* Task directions *
Set down, exactly and only, everything from the line containing "Ebay Party Dresses" down to the line containing "USB-C至HDMI多功能转换器" in the data below; the pictures are not part of the copy.

* Supplied information *
*** Begin section ***
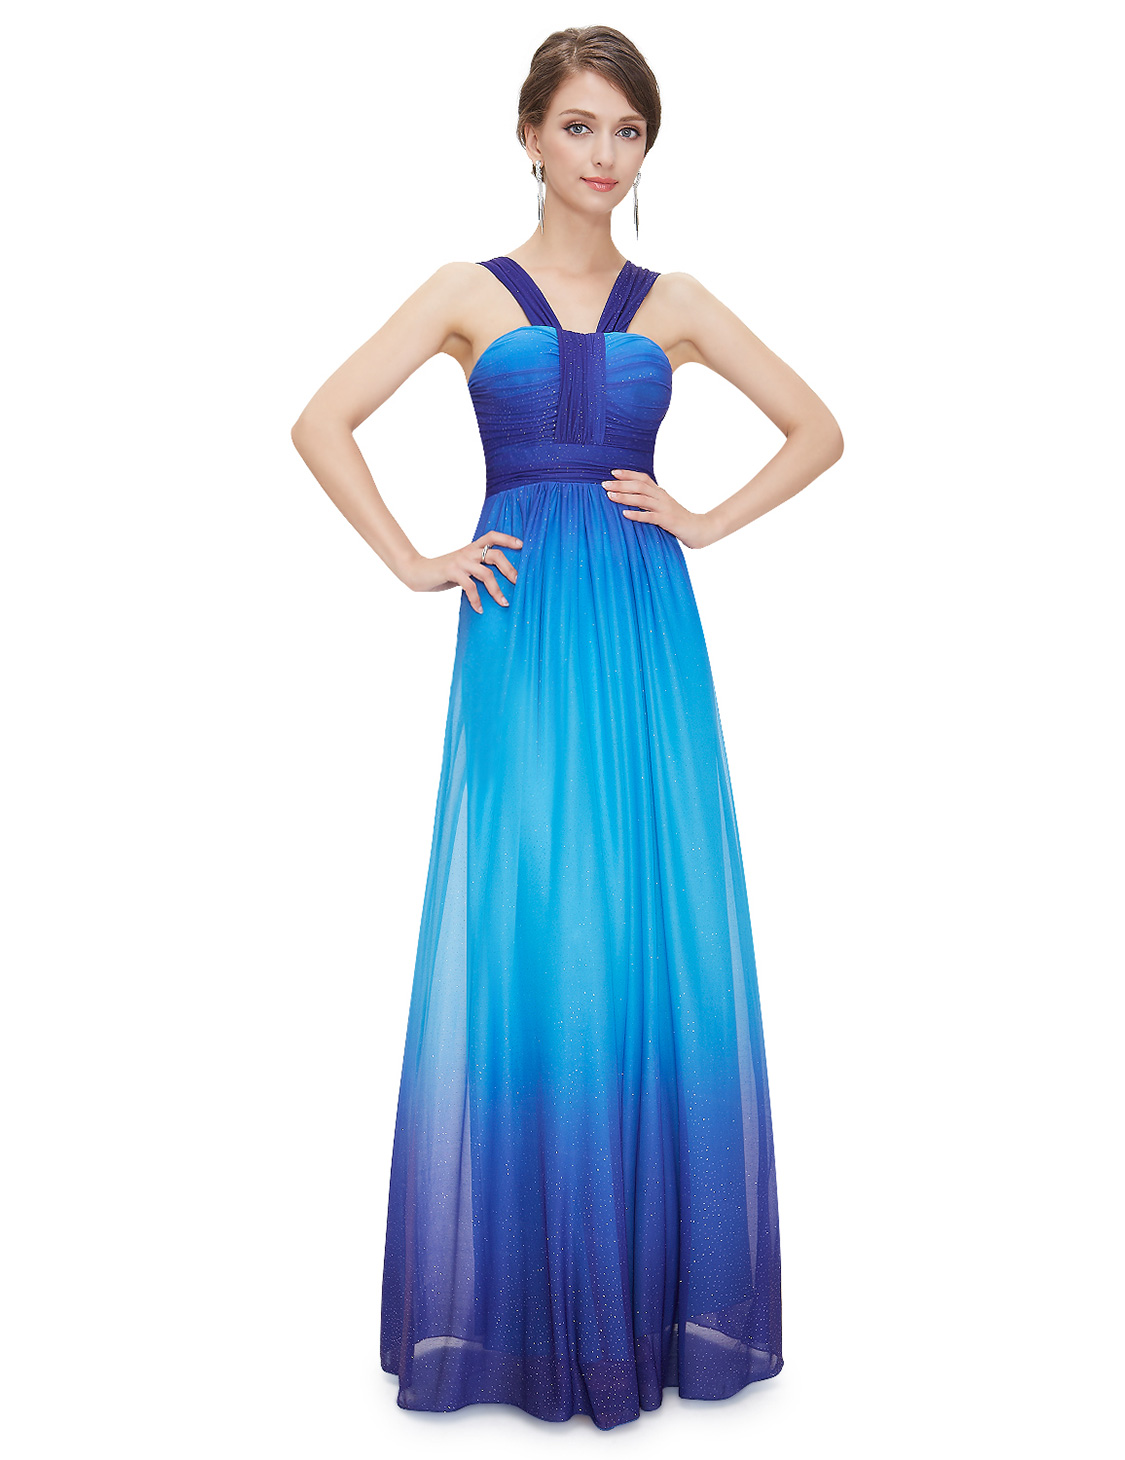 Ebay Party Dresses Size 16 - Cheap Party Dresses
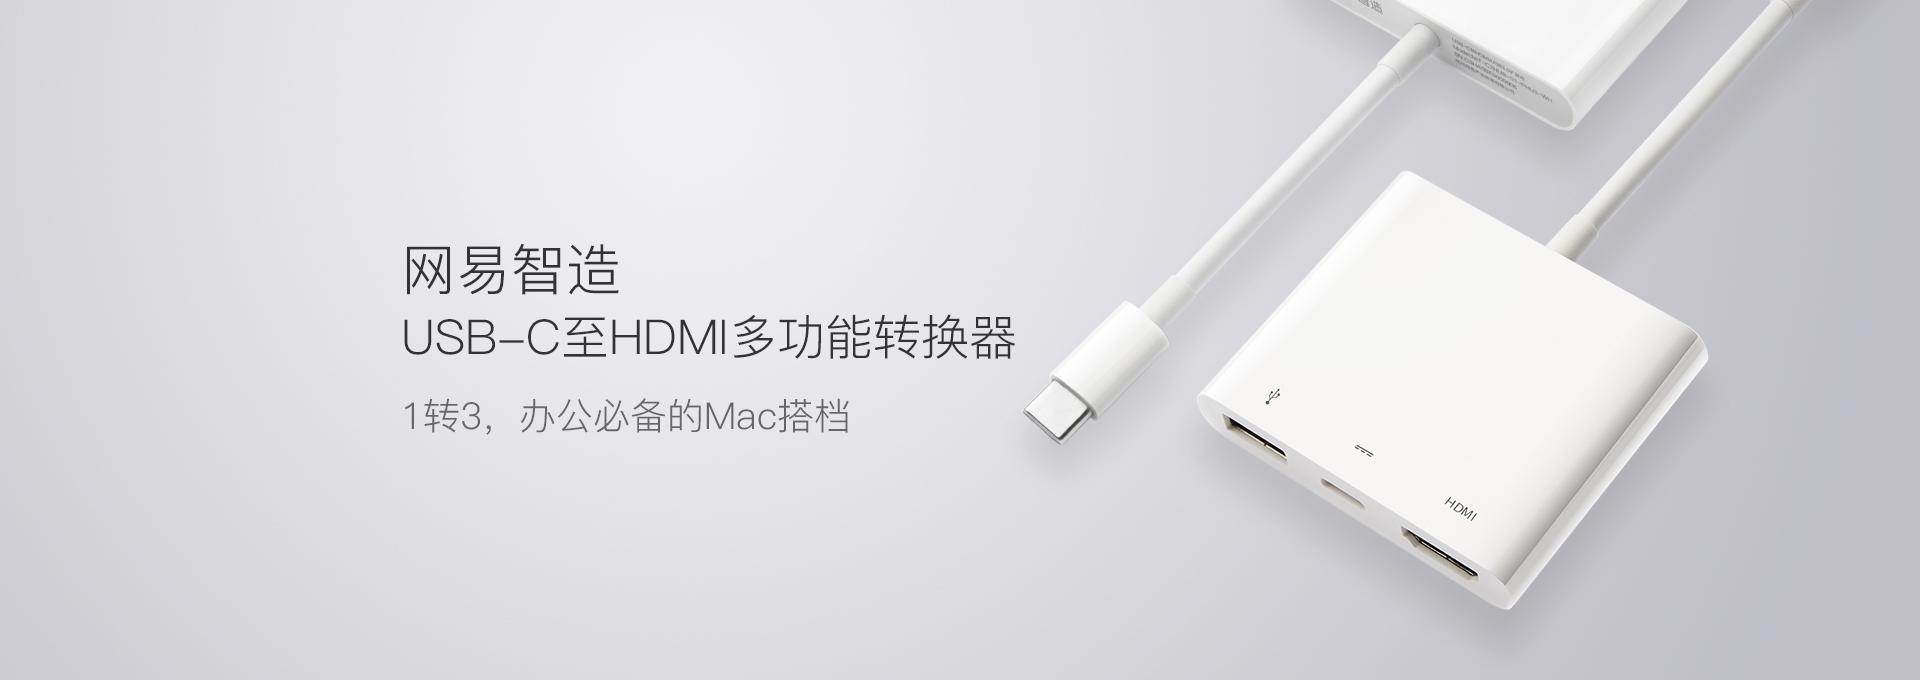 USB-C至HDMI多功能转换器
*** End section ***
*** Begin section ***
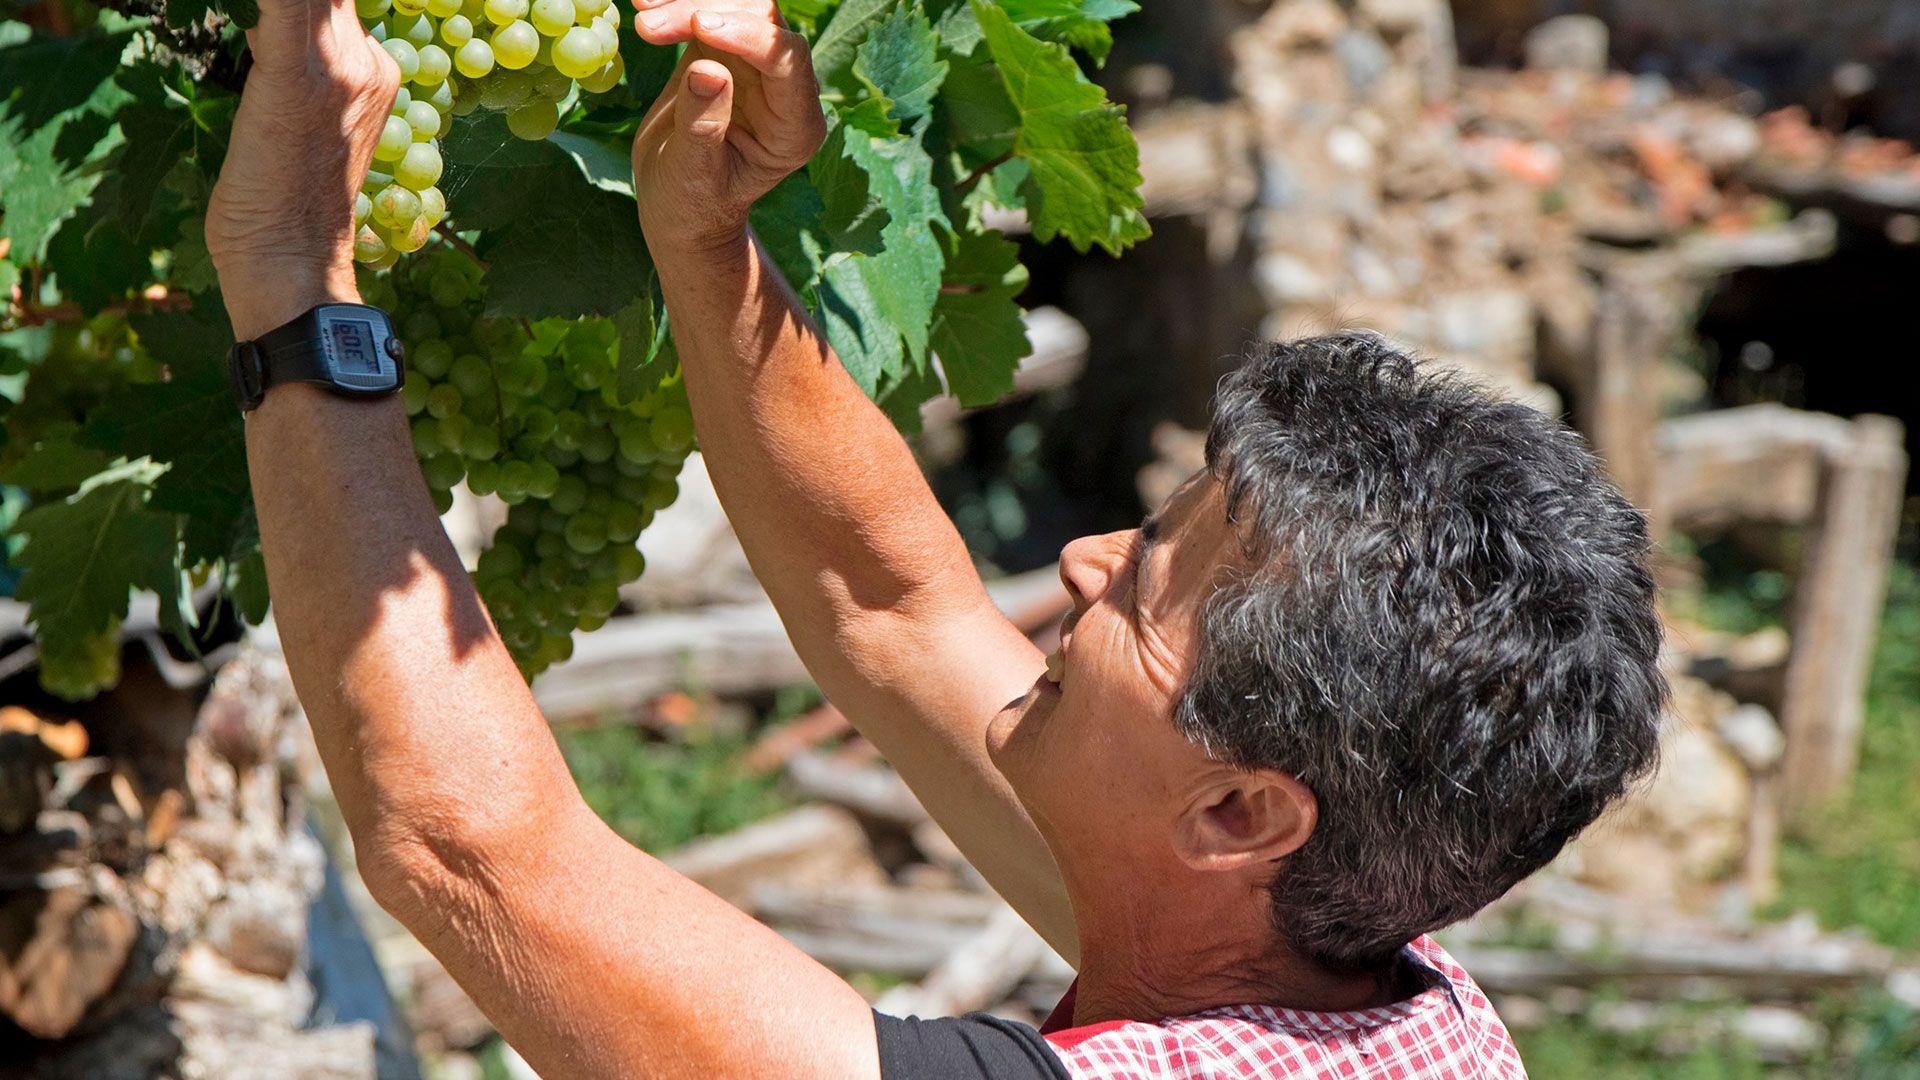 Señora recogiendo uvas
*** End section ***
* Solution to the problem *
 Ebay Party Dresses Size 16 - Cheap Party Dresses
 USB-C至HDMI多功能转换器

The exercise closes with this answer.